Module A: The Foundation Years

The Era of Exact Matches (1990s-2000s)

In the early days, information retrieval was beautifully simple and frustratingly literal. BM25 (Best Matching 25) dominated the landscape, scoring documents based on term frequency balanced against term rarity across the corpus. The mathematics were elegant: rare terms that appeared frequently in a document signaled relevance.

What worked:

Blazingly fast execution
Perfectly interpretable results
Excellent precision for exact terminology matches
Robust performance on well-defined queries

The cracks:

Catastrophic failure on synonyms and paraphrases
No understanding of semantic relationships
Brittle handling of context and nuance

Consider this often-used example: A user searching for “best pizza in New York” would successfully retrieve “Top 10 Pizza Spots in NYC” but completely miss “Brooklyn’s most acclaimed pizzeria”—even if the second document was objectively more relevant and higher quality.

Latent Semantic Indexing (LSI) emerged as an early attempt to solve semantic blindness. By analyzing statistical co-occurrence patterns across large corpora, LSI could learn that “pizzeria” and “pizza” were semantically related. This was revolutionary—the first system that could capture meaning beyond exact word matches.

But LSI’s statistical approach often created spurious connections. The algorithm might learn to associate “Brooklyn Bridge” with “pizza” simply because both frequently appeared in New York tourism documents, leading to semantically confused results.

These early systems established a pattern that would persist: each solution to retrieval’s problems would introduce new, often subtler challenges.

Module 2: The Geometric Revolution

Embeddings: When Words Became Vectors (2013-2017)

The neural revolution reframed retrieval as a fundamentally geometric problem. Instead of treating words as discrete symbols, Word2Vec and GloVe embedded them as points in high-dimensional space where semantic similarity corresponded to geometric proximity.

The famous example king - man + woman ≈ queen wasn’t just a clever demo—it revealed that relational meaning could be encoded as vector arithmetic.

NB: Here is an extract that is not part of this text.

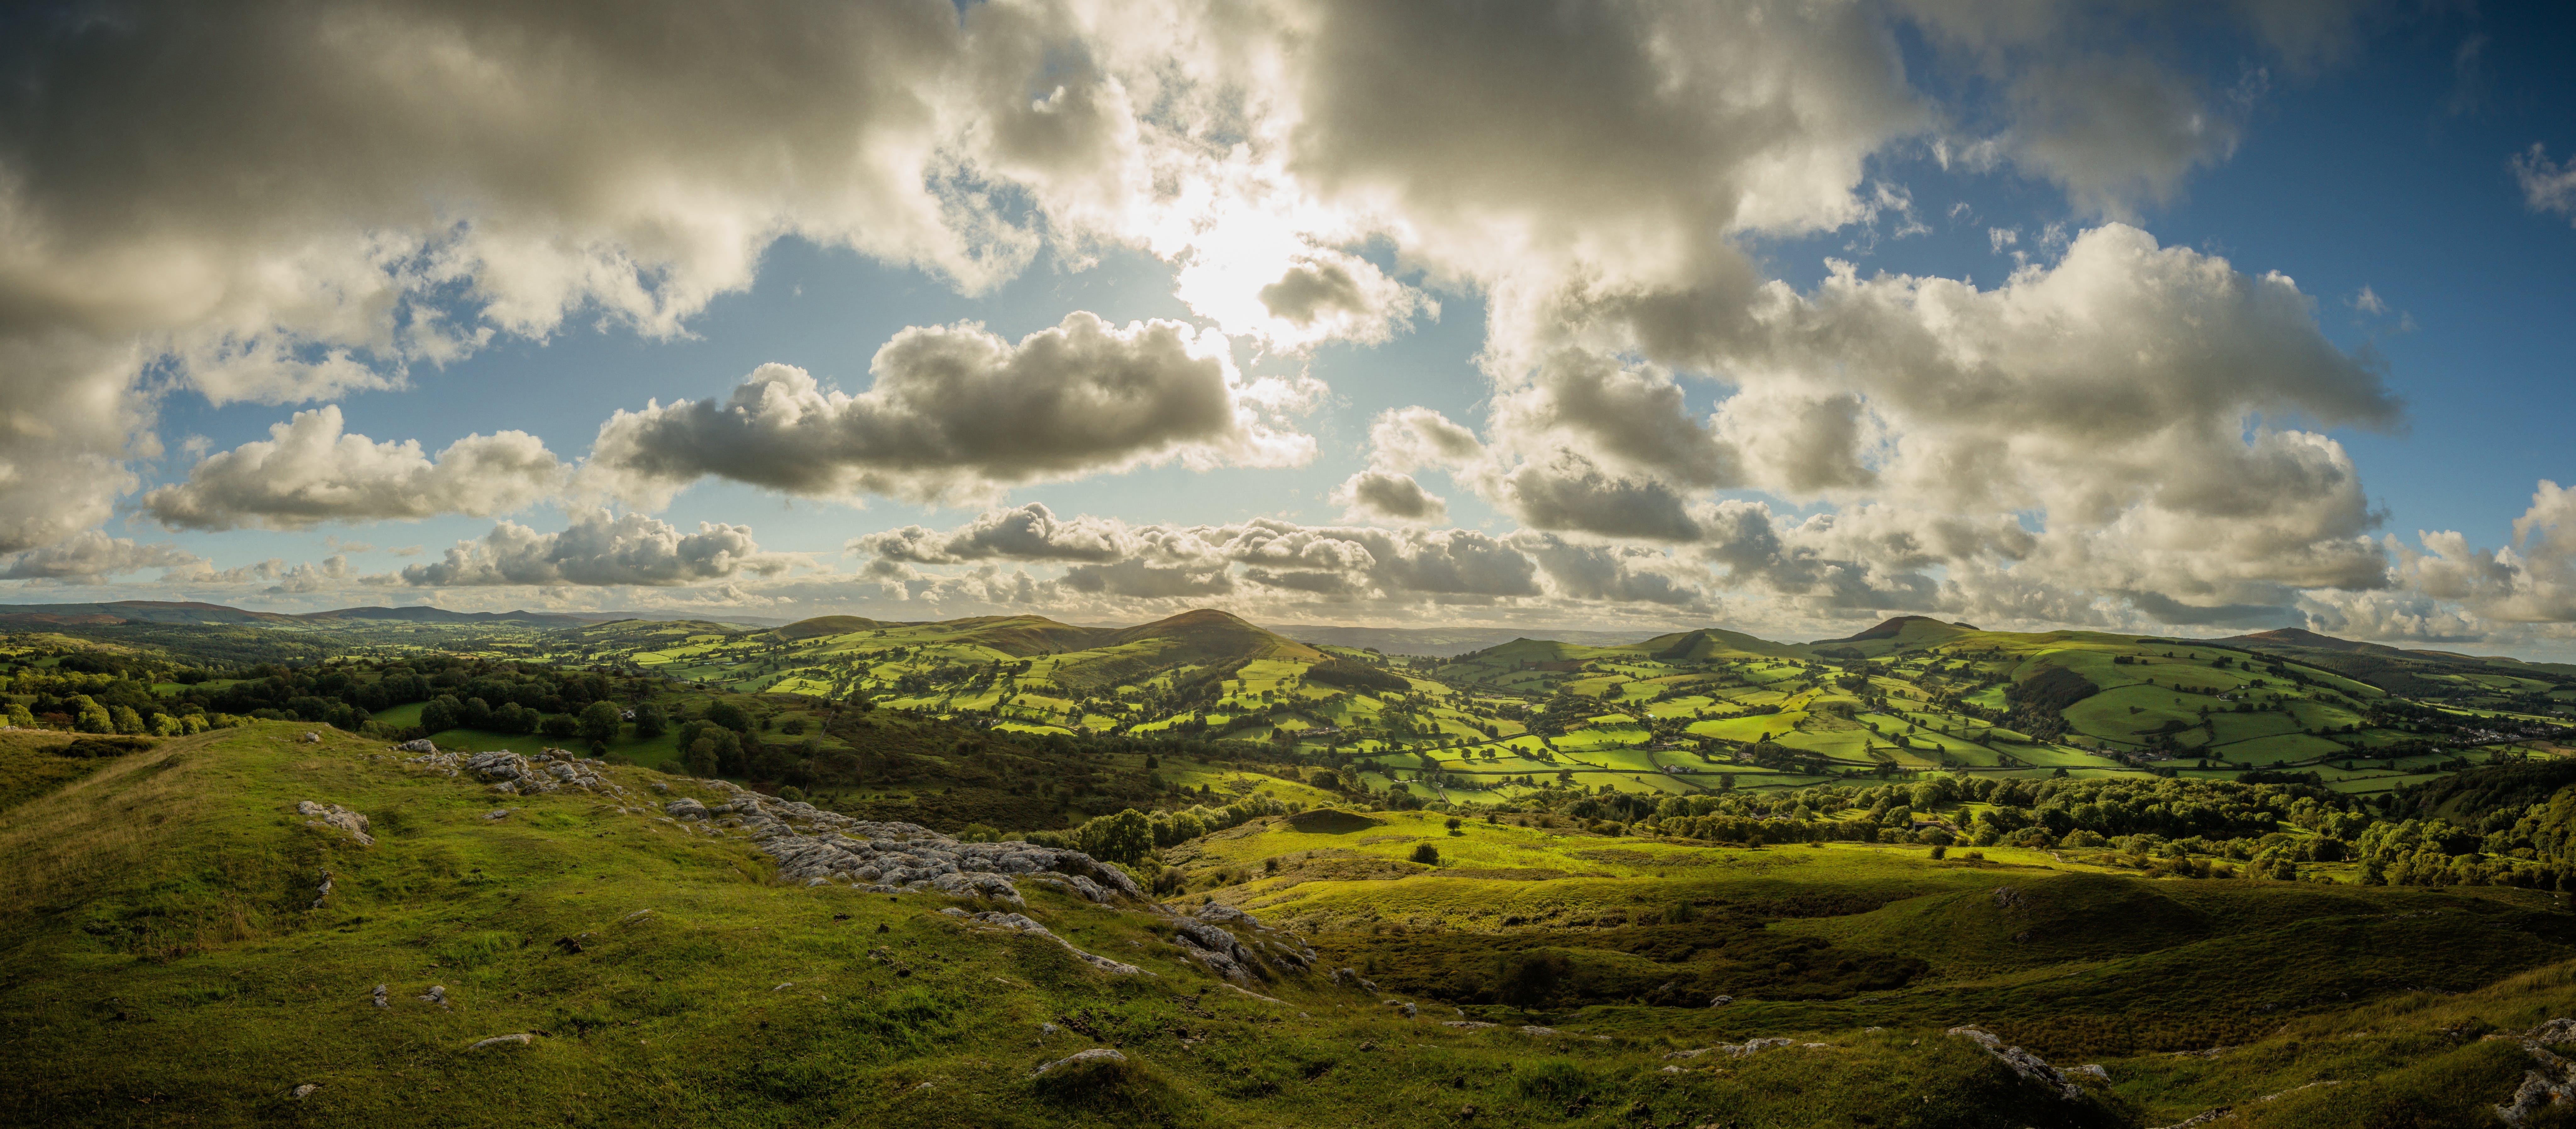 Základová fotografie zdarma na téma hřiště, krásný, malebný, mraky
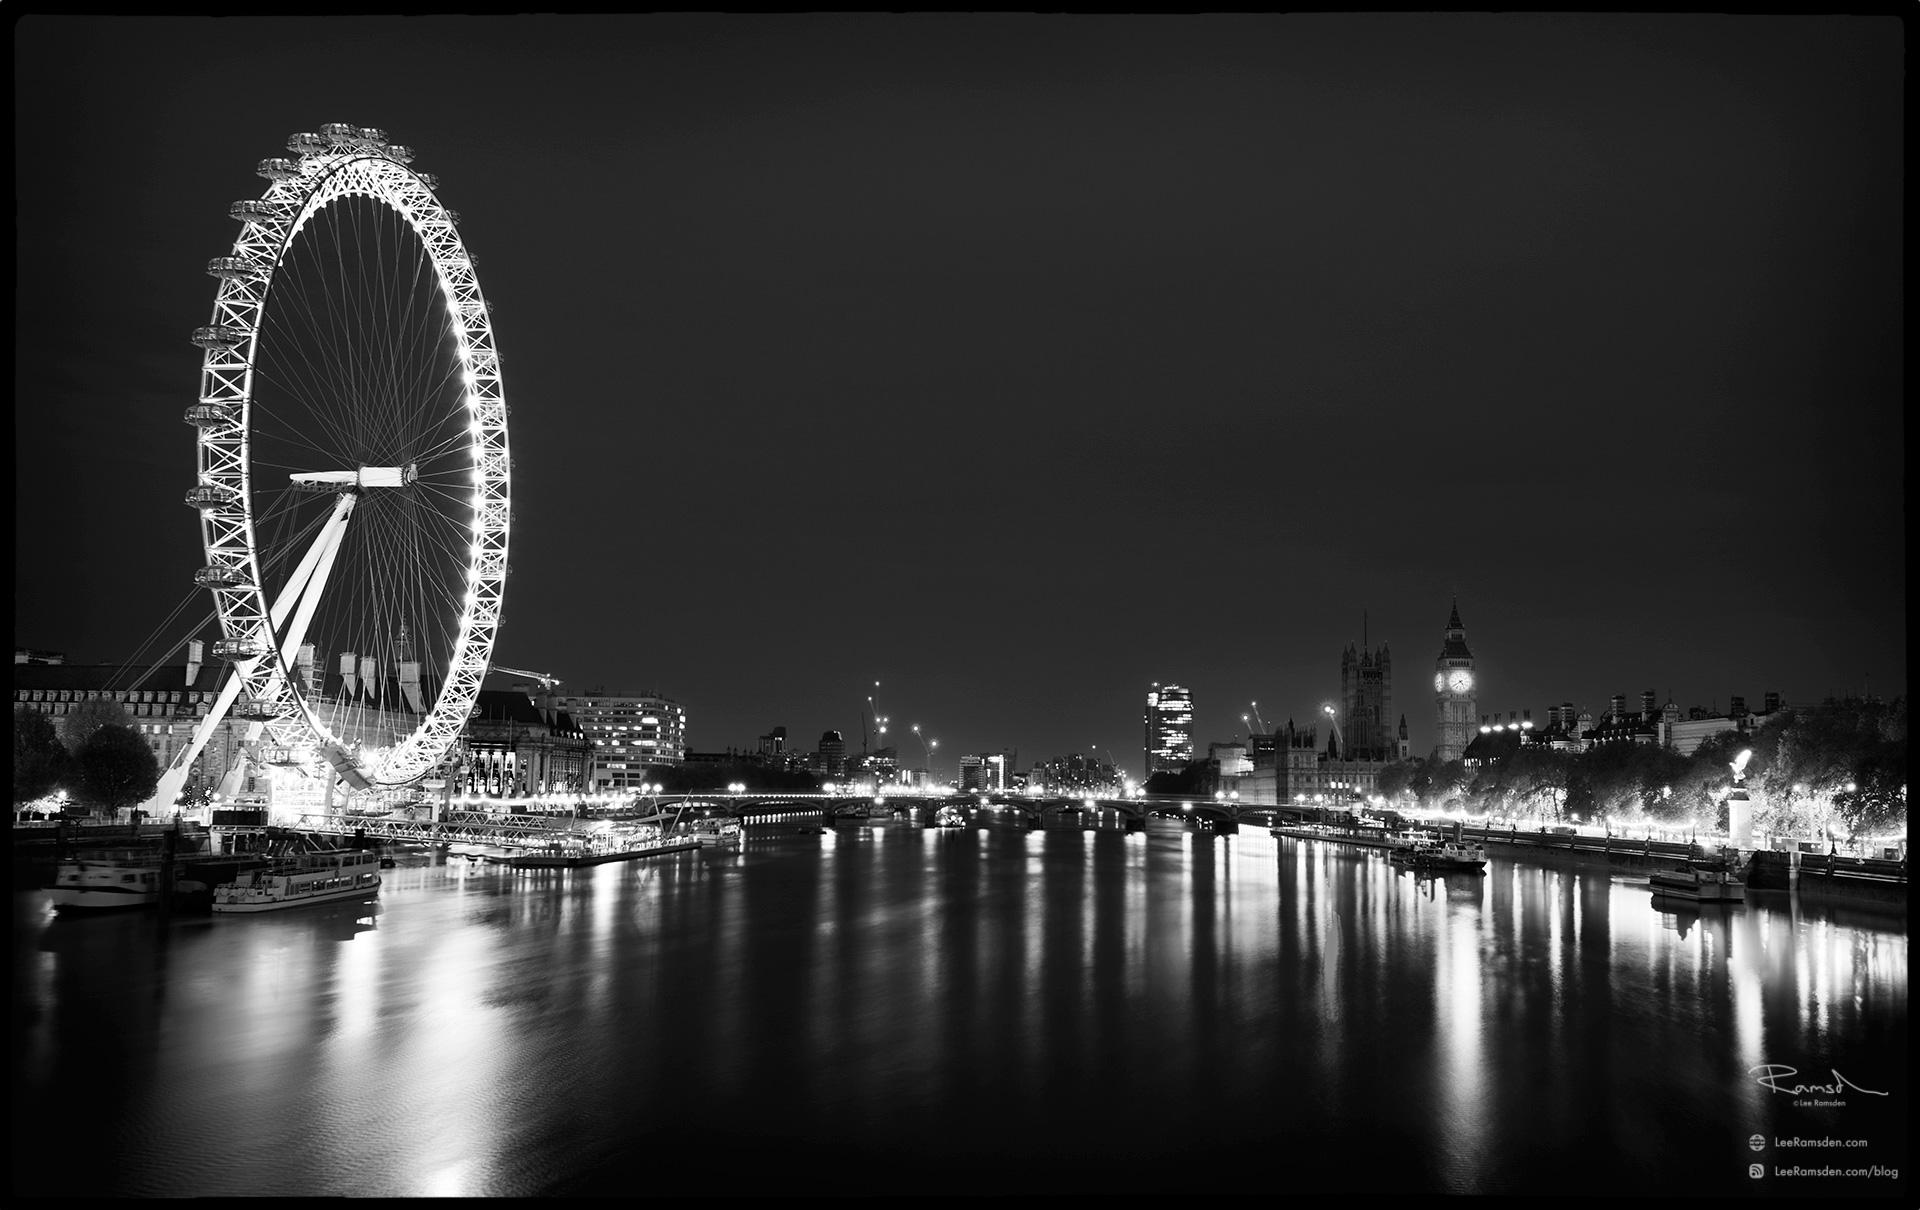 "<img src=""Big Ben"" alt=""London eye river thames london bridge long exposure lee filters lee ramsden monochrome black and white fine art"">"

Suddenly, analogies, semantic relationships, and conceptual similarities had mathematical representations.

The breakthrough: Static embeddings captured semantic relationships with unprecedented sophistication. “Car” and “automobile” naturally clustered together, while “bank” (financial) and “bank” (river) remained appropriately distant.

The limitation: Context collapsed. “Bank” had exactly one representation, forcing the model to average across all possible meanings. This worked reasonably well for general queries but failed catastrophically when precision mattered.

Contextual Understanding Arrives (2017+)

And then, came - Transformers solving the context problem by making embeddings dynamic. The same word could have radically different vector representations depending on its surrounding context:

“I deposited money in the bank“ → financial services vector
“We sat by the river bank“ → natural geography vector

This contextual sensitivity enabled semantic search—the ability to match meaning rather than just words. Users could search for “companies with strong environmental practices” and retrieve documents about “corporate sustainability initiatives” even when no exact terms overlapped.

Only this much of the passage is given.